## Task statement
Transcribe the listing underneath, keeping each word exact and omitting the images.

## Dataset section
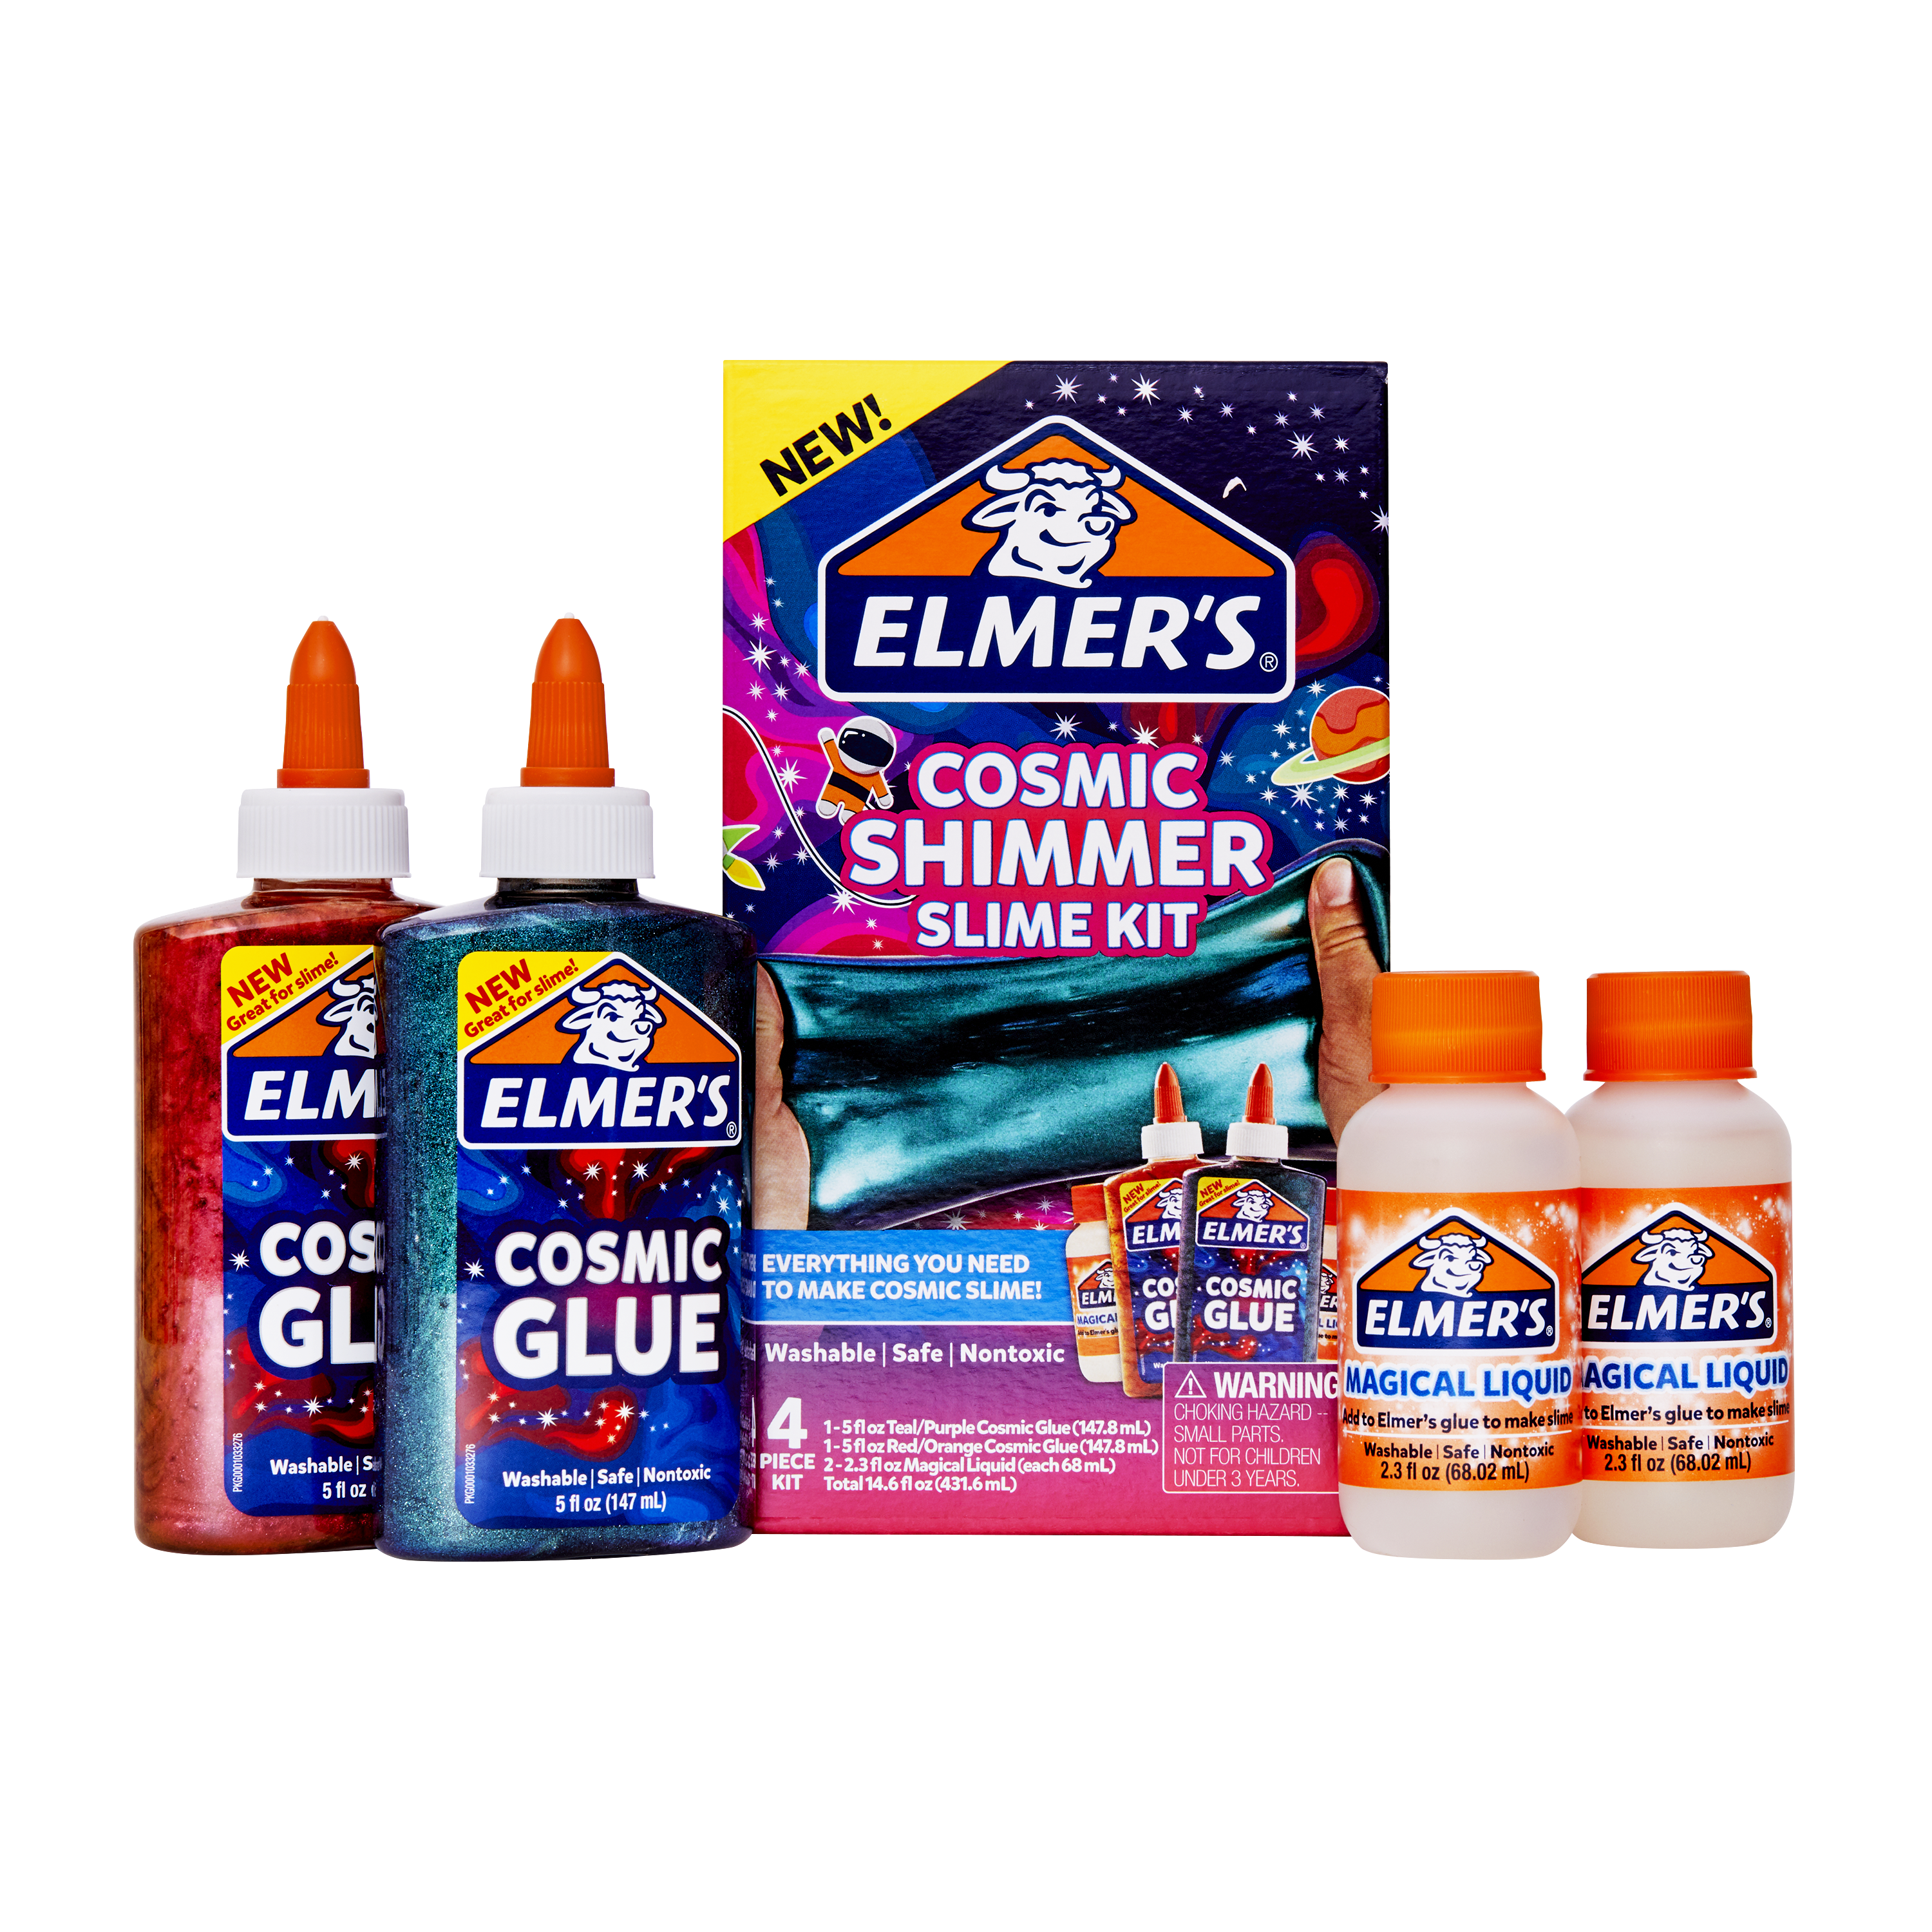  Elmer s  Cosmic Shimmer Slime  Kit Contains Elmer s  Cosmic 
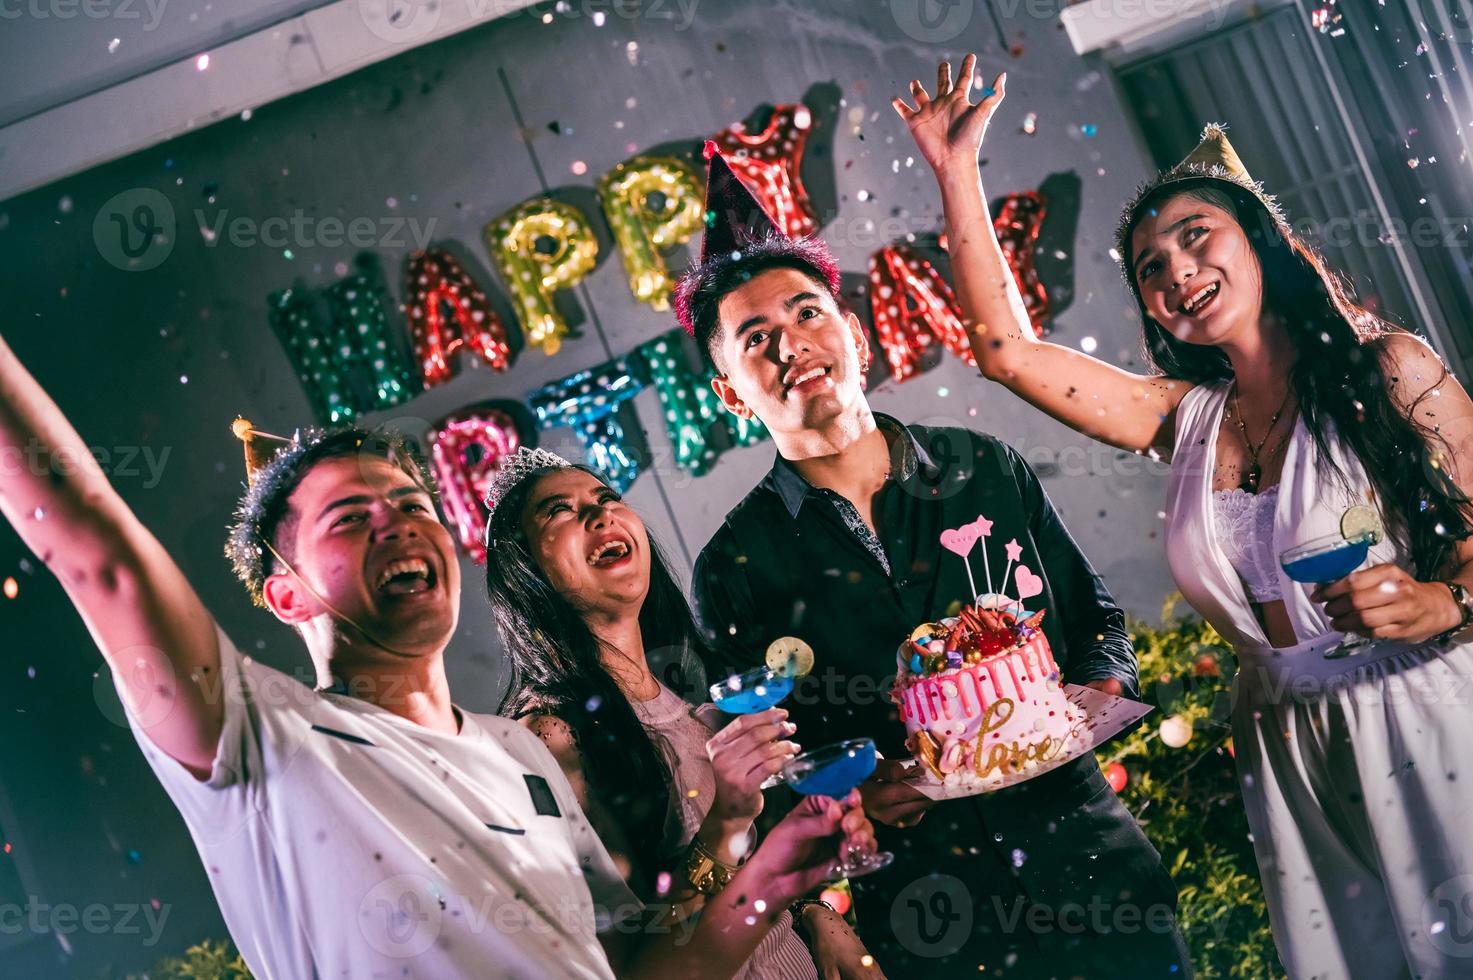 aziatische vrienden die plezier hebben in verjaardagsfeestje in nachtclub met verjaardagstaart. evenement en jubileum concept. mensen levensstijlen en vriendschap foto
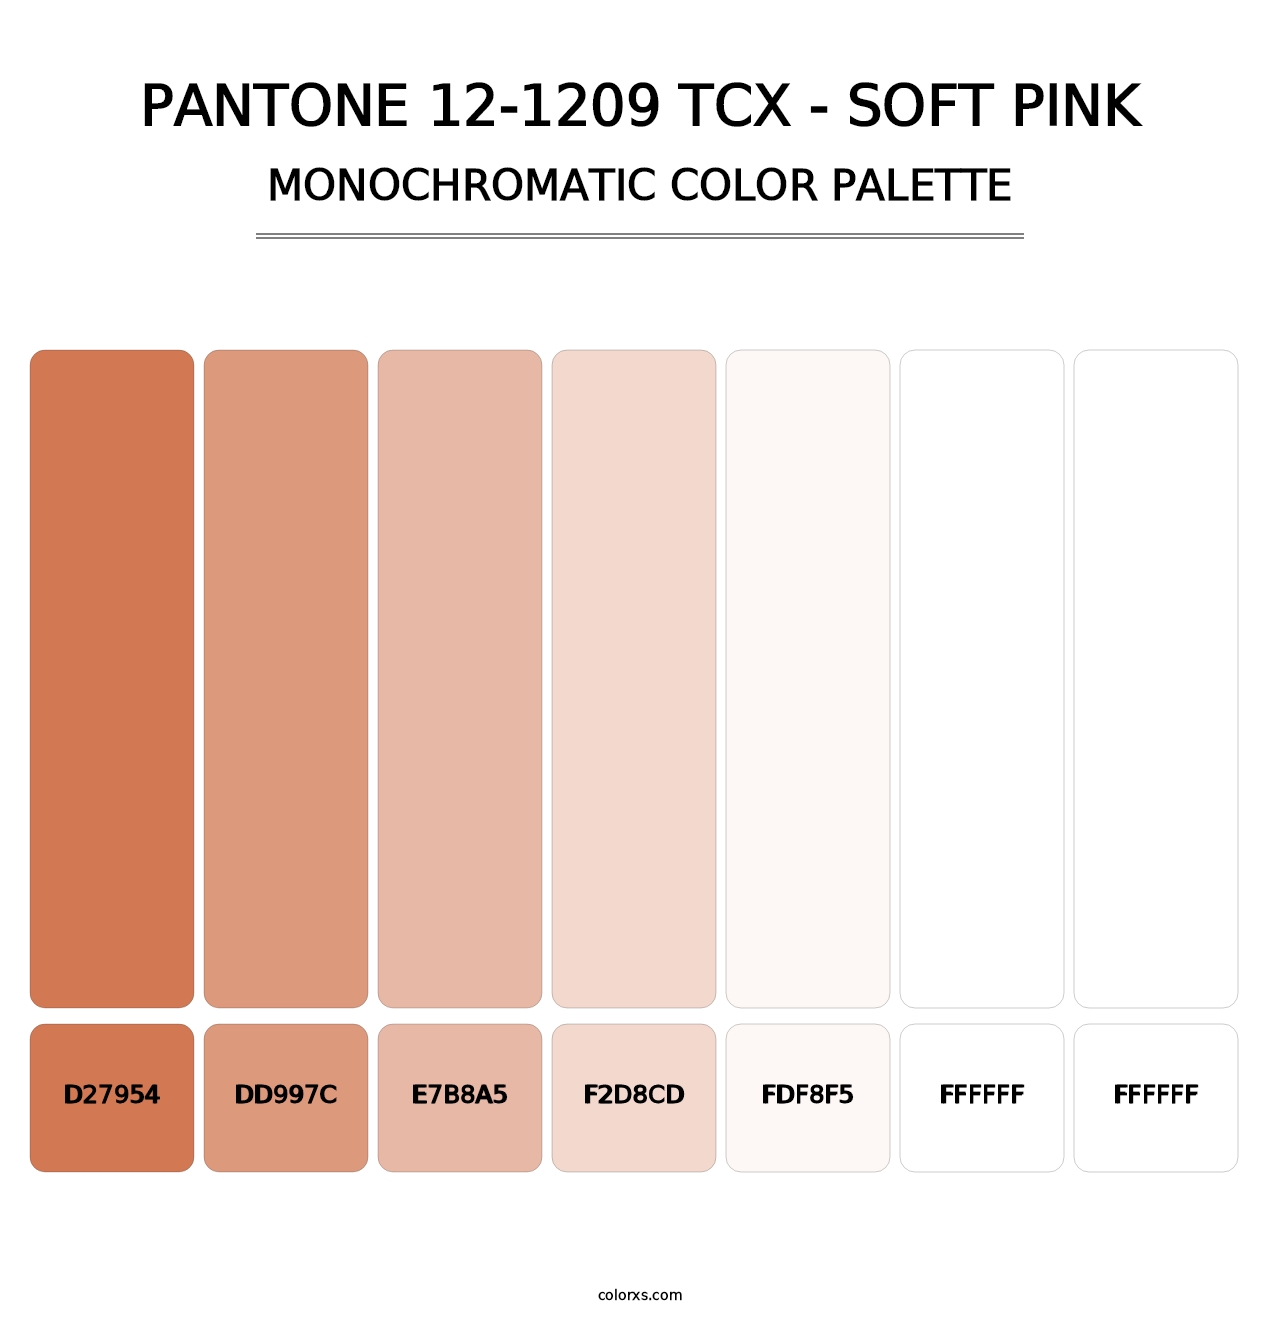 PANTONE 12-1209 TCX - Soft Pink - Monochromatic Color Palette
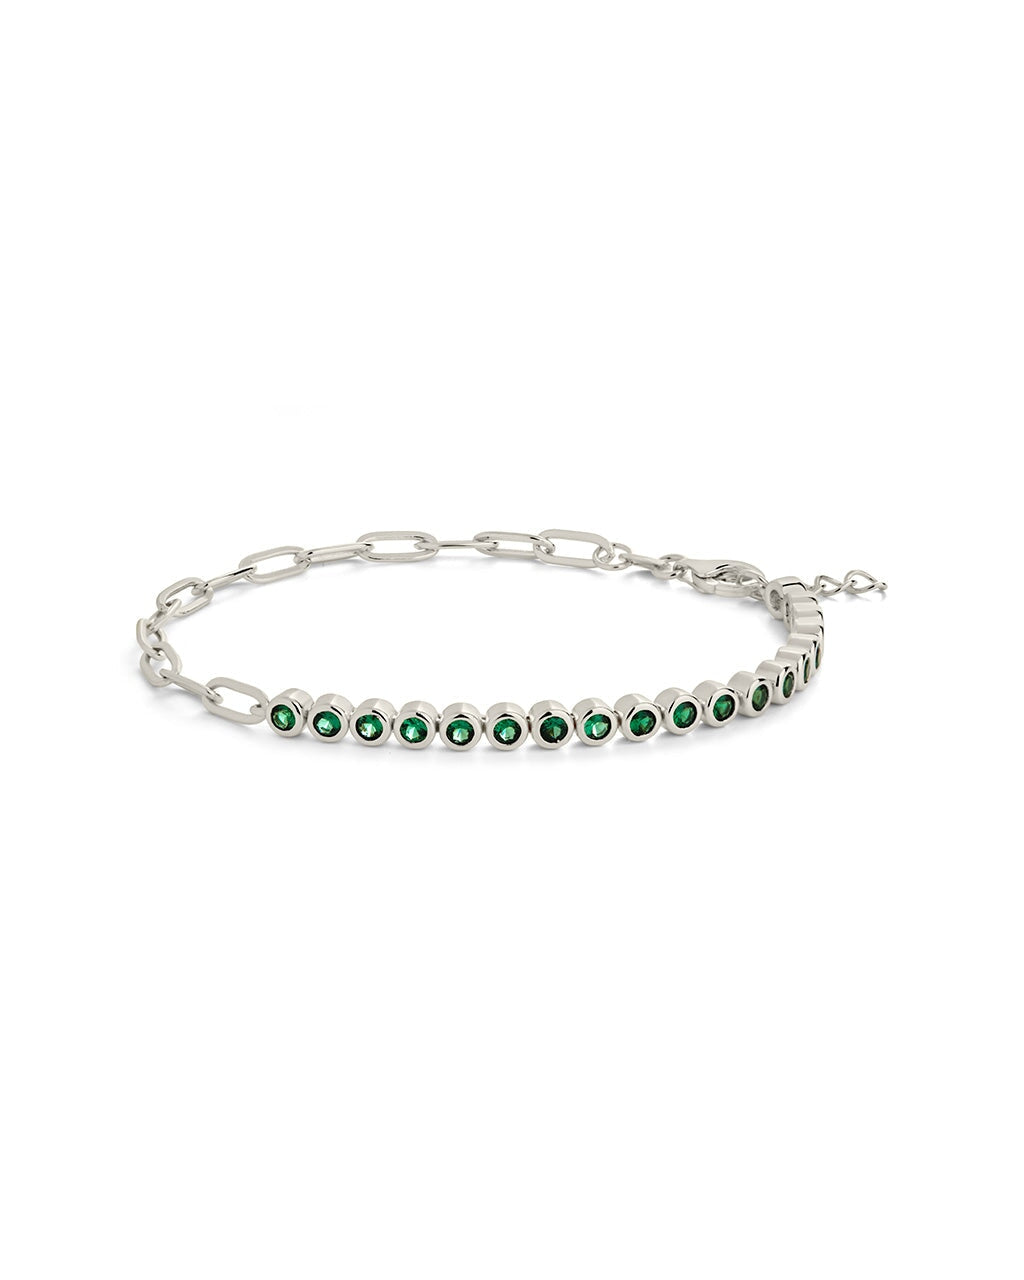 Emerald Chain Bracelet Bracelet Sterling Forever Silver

## Result for this task
  Elmer s  Cosmic Shimmer Slime  Kit Contains Elmer s  Cosmic 
 aziatische vrienden die plezier hebben in verjaardagsfeestje in nachtclub met verjaardagstaart. evenement en jubileum concept. mensen levensstijlen en vriendschap foto
 PANTONE 12-1209 TCX - Soft Pink - Monochromatic Color Palette
 Emerald Chain Bracelet Bracelet Sterling Forever Silver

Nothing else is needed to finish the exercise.